[ANN] beangrep - grep-like filter for Beancount

158 views
Skip to first unread message

Stefano Zacchiroli

unread,
May 12, 2024, 8:35:00 AMMay 12
to bean...@googlegroups.com
Hello beancounters, I've just released a little tool that I've needed
for quite a while but didn't have[^]: beangrep, a grep-like filter for
Beancount ledgers.

[^]: with the exception of grep.py from beanlabs at
https://github.com/beancount/beanlabs/blob/master/beanlabs/scripts/grep.py
which is more limited than my needs.

It is meant to be way simpler than beanquery, but is super useful for
quick queries via the CLI.

Beangrep is available at: https://github.com/zacchiro/beangrep
Its README is also attached to this email.

The tool is almost feature complete for me, so it doesn't really have a
roadmap. But I welcome feedback and suggestions for improvements (or,
even better, patches!), that I'll be happy to consider. It is also not
uploaded to pypi yet, but if that's useful for others I'll be happy to
take care of that too.

Thanks for all the beans!
Cheers
--
Stefano Zacchiroli . za...@upsilon.cc . https://upsilon.cc/zack _. ^ ._
Full professor of Computer Science o o o \/|V|\/
Télécom Paris, Polytechnic Institute of Paris o o o </> <\>
Co-founder & CTO Software Heritage o o o o /\|^|/\
https://twitter.com/zacchiro . https://mastodon.xyz/@zacchiro '" V "'
README.md

Justus Pendleton

unread,
May 13, 2024, 10:36:15 PMMay 13
to Beancount
This is pretty great! I often need to find some previous transaction and don't remember where it is across multiple beancount files. I'll do a grep, which really just tells me which file(s) and line(s) to look at. Then I need to switch to an editor to actually see more context.

Anyway, a few thoughts from using it for a few minutes.

- Maybe make -s/--somewhere/--anywhere a flag-less default so you can use it more like regular grep? That is: bean-grep foo my.beancount is equivalent to bean-grep -s foo my.beancount
- A way to filter out transactions from closed accounts? Maybe even make that the default?

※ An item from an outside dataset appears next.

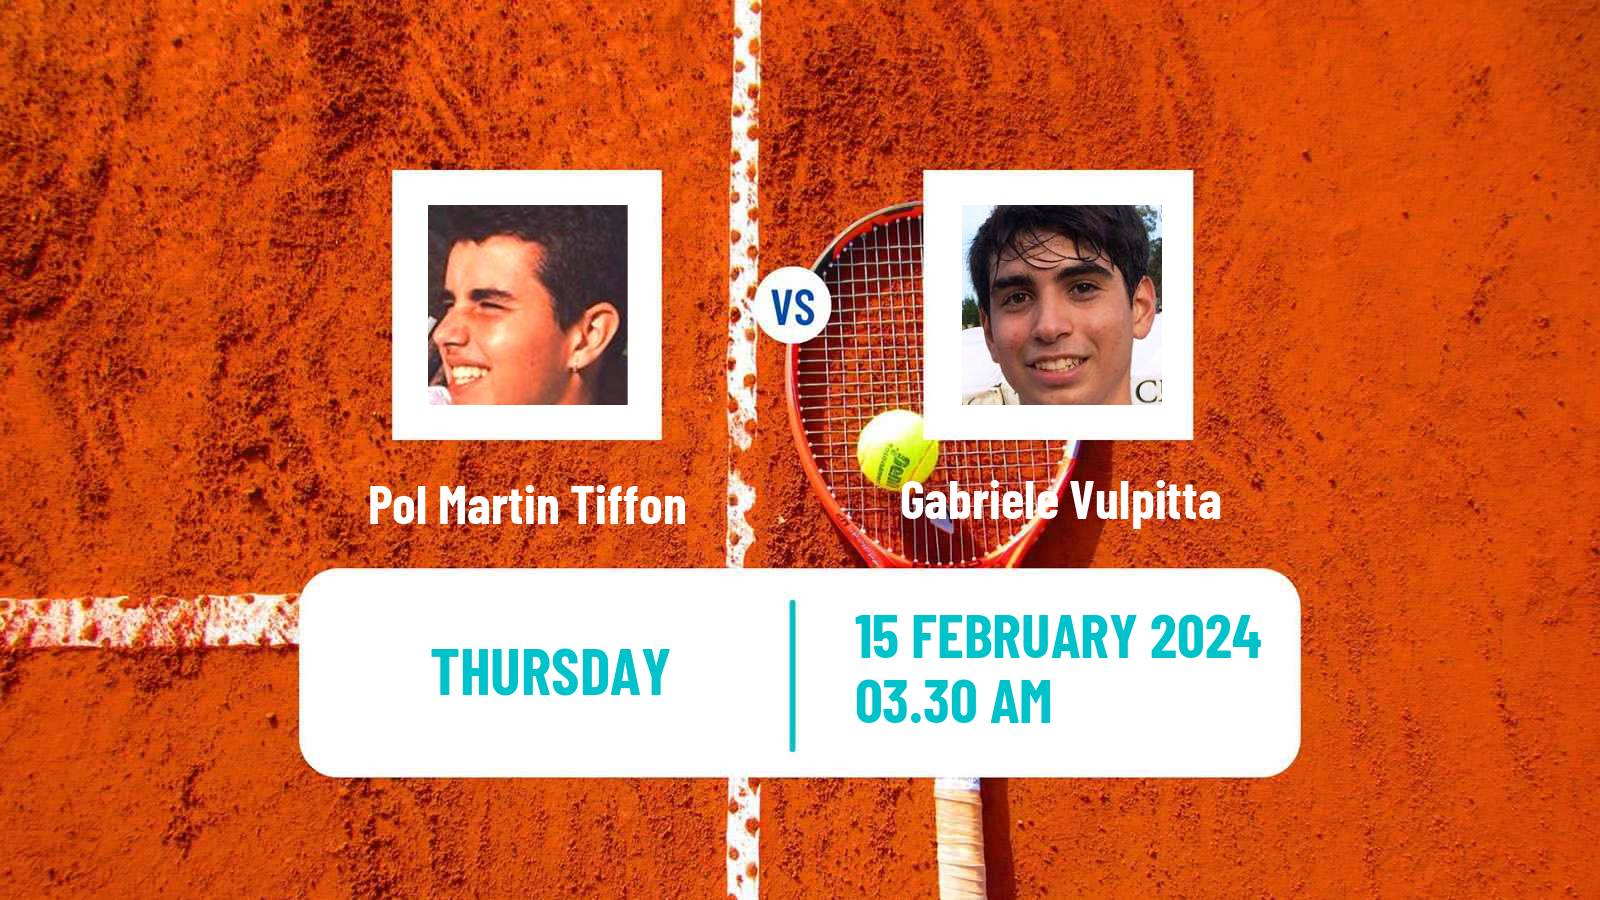 Tennis ITF M25 Hammamet 3 Men Pol Martin Tiffon - Gabriele Vulpitta

It feels like it might be nice to have it auto-infer the type of search. 2002-12-30 means --date. #tag means --tag. I think you could do it for --meta, too? But maybe there's no good way to handle --account, --payee, and --narration without just turning it into --anywhere.

Stefano Zacchiroli

unread,
May 14, 2024, 4:18:21 AMMay 14
to bean...@googlegroups.com
Thanks for your feedback Justus.

I've noted down your suggestions as issues here
https://github.com/zacchiro/beangrep/issues

The first one (making --somewhere a flag-less default) is something I've
played with already. I ended up not including it, because it was a bit
tricky to detect the "no criteria given" situation, but I'll give it
another stab.

The second one (auto-detect predicate type where possible) is a great
idea. A sweet spot need to be found to avoid making the heuristic over
zealous (e.g., you want to detect 2024-05-14 and 2024-05 as dates, but
probably not 2734, which is more likely to be an amount), but I'll give
it a try.

Also remember: patches welcome ;-))

Meanwhile, I've uploaded beangrep to pypi, so it can now be installed
with a simple "pip install beangrep".

Cheers
> --
> You received this message because you are subscribed to the Google Groups "Beancount" group.
> To unsubscribe from this group and stop receiving emails from it, send an email to beancount+...@googlegroups.com.
> To view this discussion on the web visit https://groups.google.com/d/msgid/beancount/1a6bab93-fa16-4271-8382-b55c70a19d07n%40googlegroups.com.

Stefano Zacchiroli

unread,
May 15, 2024, 12:27:58 PMMay 15
to bean...@googlegroups.com
On Mon, May 13, 2024 at 07:36:15PM -0700, Justus Pendleton wrote:
> - Maybe make -s/--somewhere/--anywhere a flag-less default so you can use
> it more like regular grep? That is: bean-grep foo my.beancount is
> equivalent to bean-grep -s foo my.beancount
> - A way to filter out transactions from closed accounts? Maybe even make
> that the default?
>
> It feels like it might be nice to have it auto-infer the type of search.
> 2002-12-30 means --date. #tag means --tag. I think you could do it for
> --meta, too? But maybe there's no good way to handle --account, --payee,
> and --narration without just turning it into --anywhere.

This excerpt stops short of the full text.